All 17 Wyoming Republican U.S. Senate incumbents running for reelection have won their renomination bids over the last century
That seat is currently held by three-term Republican incumbent Mike Enzi, who has cruised to 45-point and 51-point reelection victories over the last two cycles.
While there is little clamoring in the Cowboy State to remove Enzi from office – and his seat is currently rated ‘safe’ by all prognosticators – a Cheney bid would certainly provide for drama in the GOP primary.
In fact, if Cheney were to defeat Enzi, she would make history.

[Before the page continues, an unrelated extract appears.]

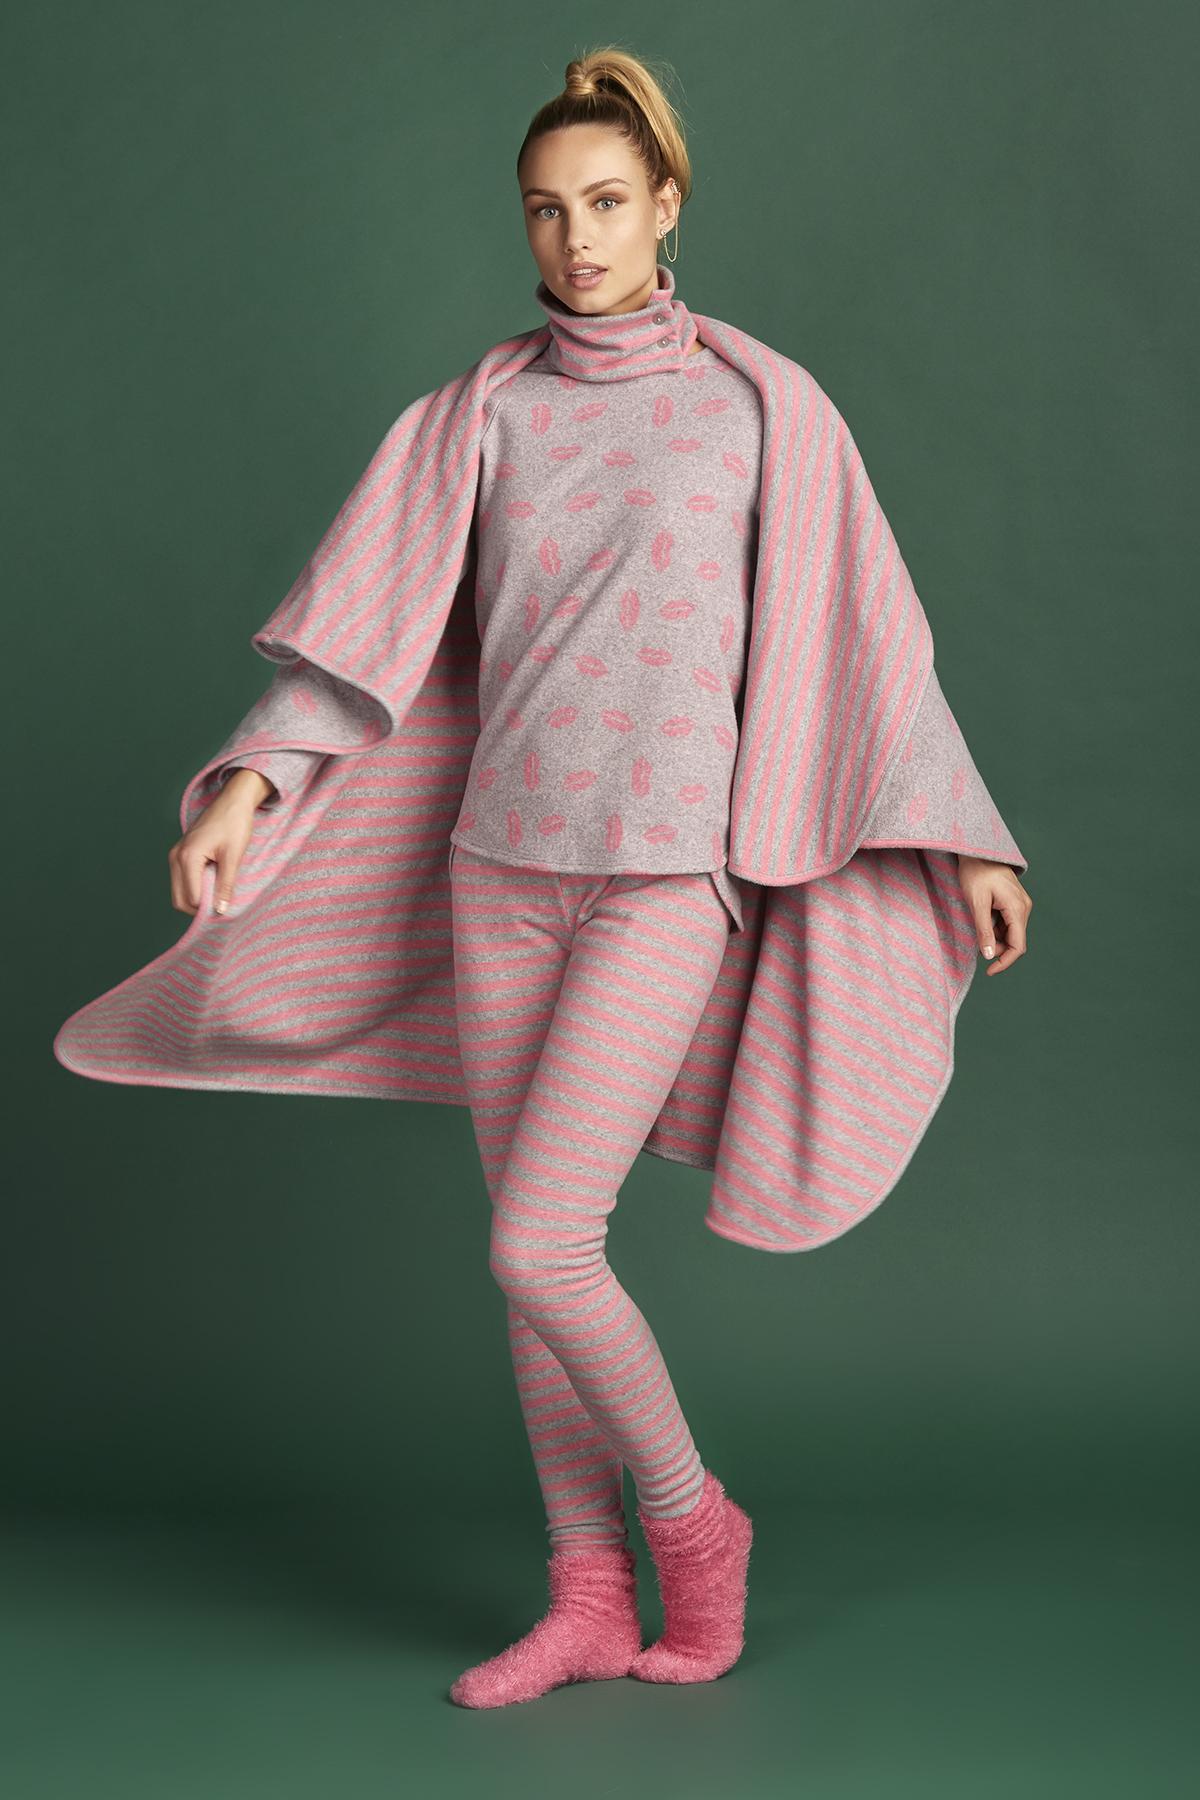 5870dc6aa98 Γυναικεία πυτζάμα χειμωνιάτικη Ροζ με Γρι 3 κομμάτια Andra lingerie made in  Italy μόνο στο BUSTO

A Smart Politics review of Wyoming U.S. Senate elections finds that no Republican incumbent running for reelection in the direct vote era has failed to win their party’s nomination.
To date Wyoming Republican U.S. Senators are 17 for 17 in securing the GOP nomination when running for reelection since the first popular vote contest in the state in 1916.
All but four of these incumbents went on to win the general election including all 11 since 1972.
On six occasions, Wyoming GOP U.S. Senators did not seek reelection: Patrick Sullivan in 1930, Edward Crippa in 1954, Milward Simpson in 1966, Clifford Hansen in 1978, Malcolm Wallop in 1994, and Alan Simpson in 1996. (Sullivan had been appointed in 1929).
The remaining 17 incumbents were all successful in finding their way back on the general election ballot:
· Clarence Clark in 1916.
· Francis Warren in 1918.
· Francis Warren in 1924.
· Robert Carey in 1936.
· Edward Robertson in 1948.
· Frank Barrett in 1958.
· Clifford Hansen in 1972.
· Malcolm Wallop in 1982, 1988.
· Alan Simpson in 1984, 1990.
· Craig Thomas in 2000.
· Mike Enzi in 2002.
· Craig Thomas in 2006.
· Mike Enzi in 2008.
· John Barrasso in 2008 (special).
· John Barrasso in 2012.
Credible primary challengers to these Republican incumbents have been few and far between over the years, with just three opponents appearing on the ballot across the last six contests featuring a GOP incumbent since 2000.
A Cheney challenge to Enzi in 2014 is headline news in the Cowboy State – even if it doesn’t significantly improve the chances of the Democratic challenger in this deep red state.